# [Task prompt]
In the data below, find the line containing "How much do", then set down that line and every later line up to and including the line containing "Test-Um NT955 operating", exactly.

# [Provided information]
----------

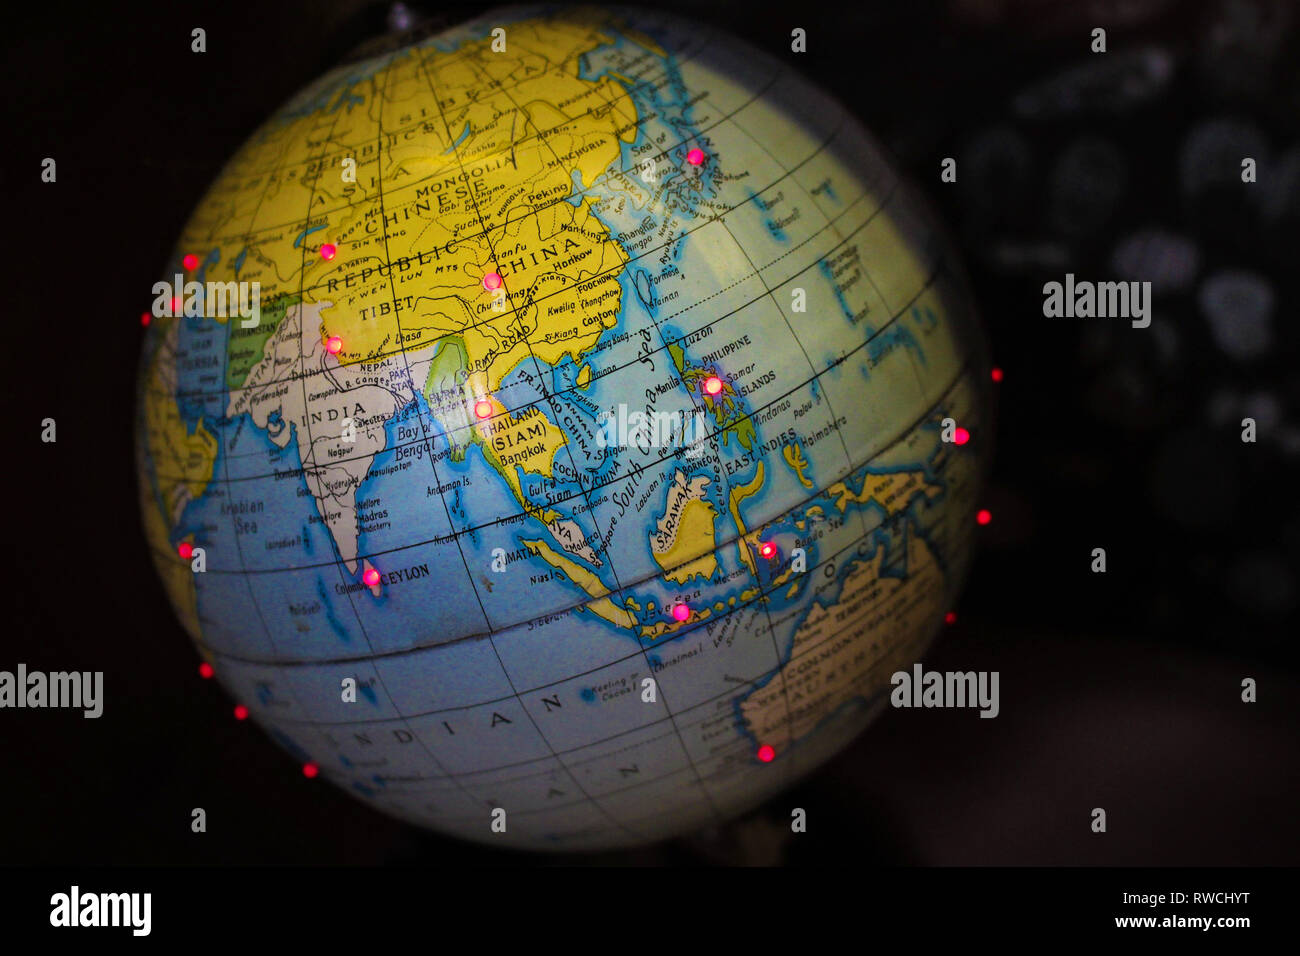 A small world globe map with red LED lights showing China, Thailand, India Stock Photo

----------

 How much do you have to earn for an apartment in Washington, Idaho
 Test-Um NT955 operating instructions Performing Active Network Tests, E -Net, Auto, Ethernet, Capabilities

----------

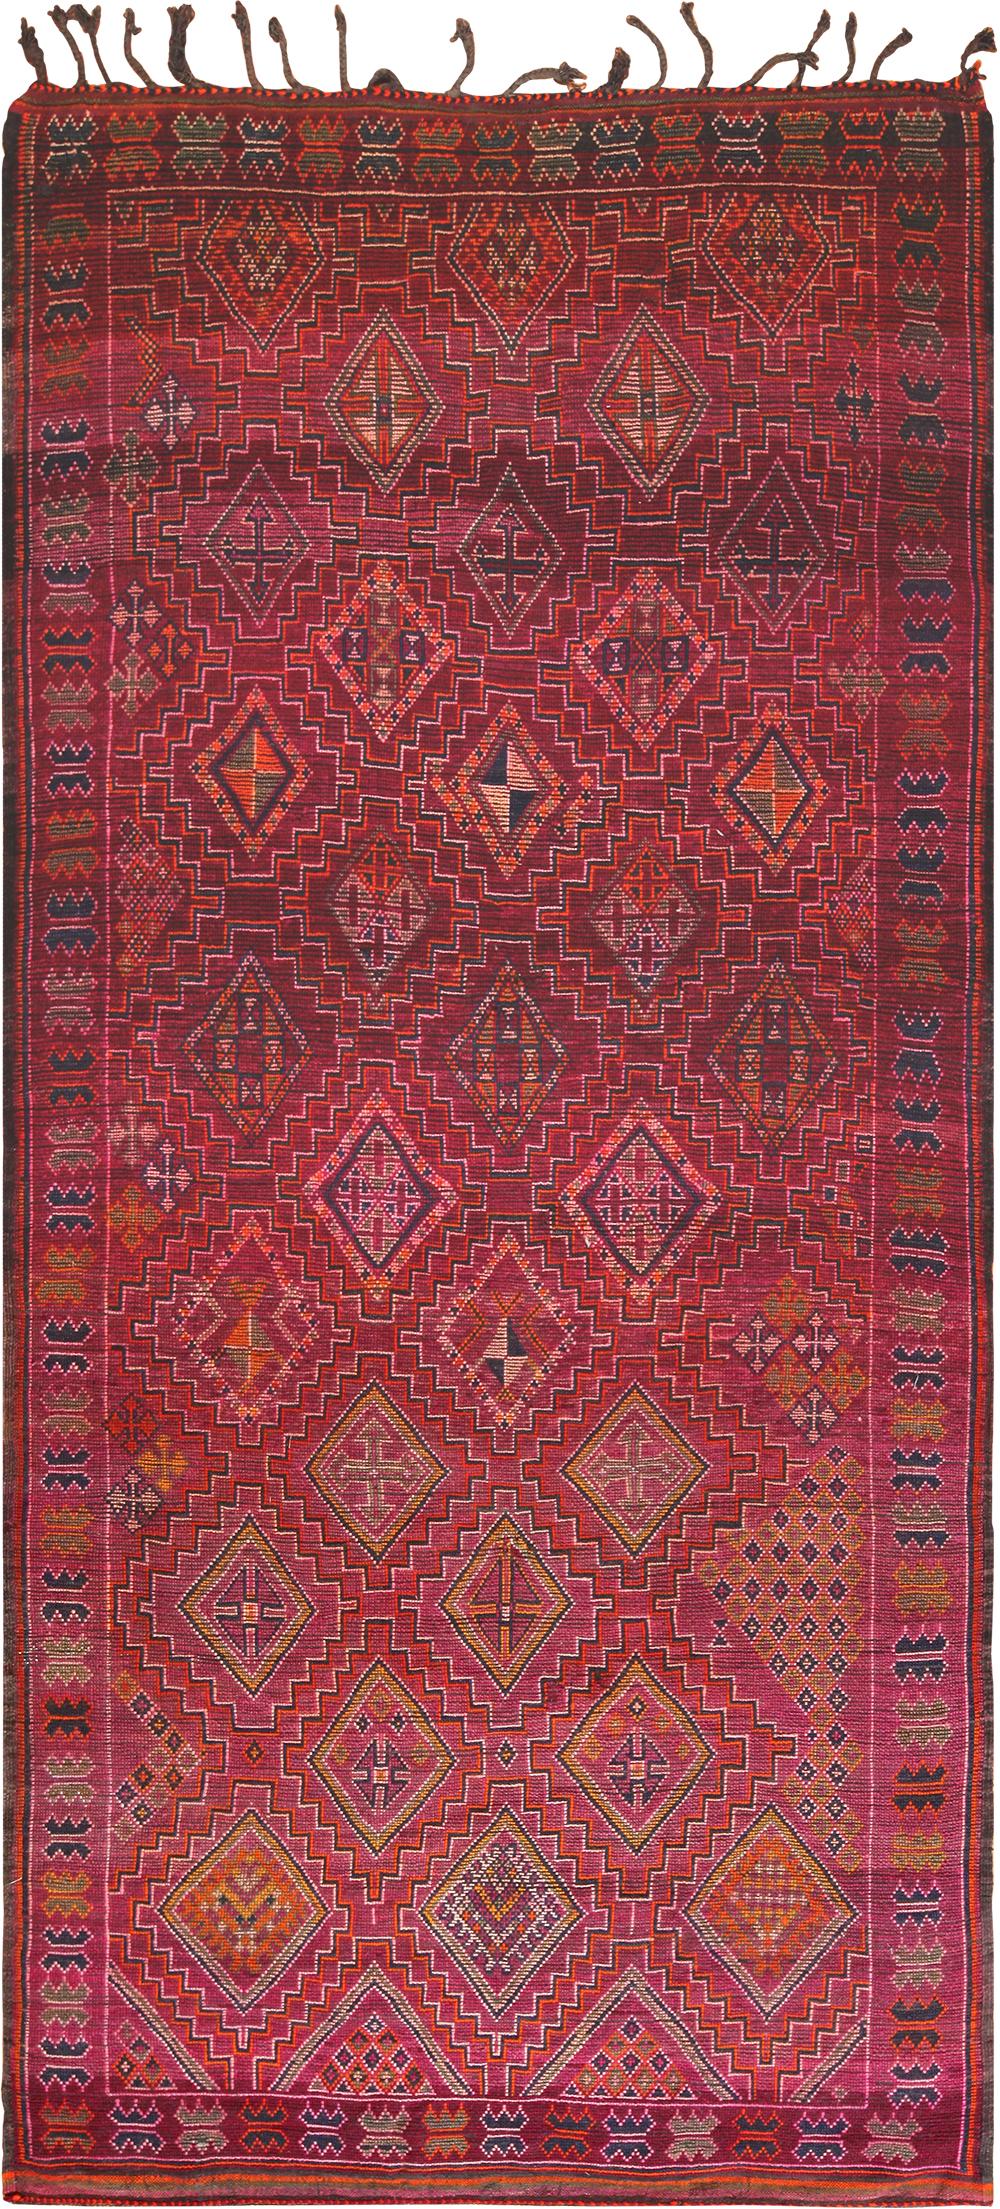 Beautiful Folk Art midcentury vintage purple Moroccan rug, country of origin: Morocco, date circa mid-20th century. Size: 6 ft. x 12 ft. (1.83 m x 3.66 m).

----------

# [Result of the exercise]
 How much do you have to earn for an apartment in Washington, Idaho
 Test-Um NT955 operating instructions Performing Active Network Tests, E -Net, Auto, Ethernet, Capabilities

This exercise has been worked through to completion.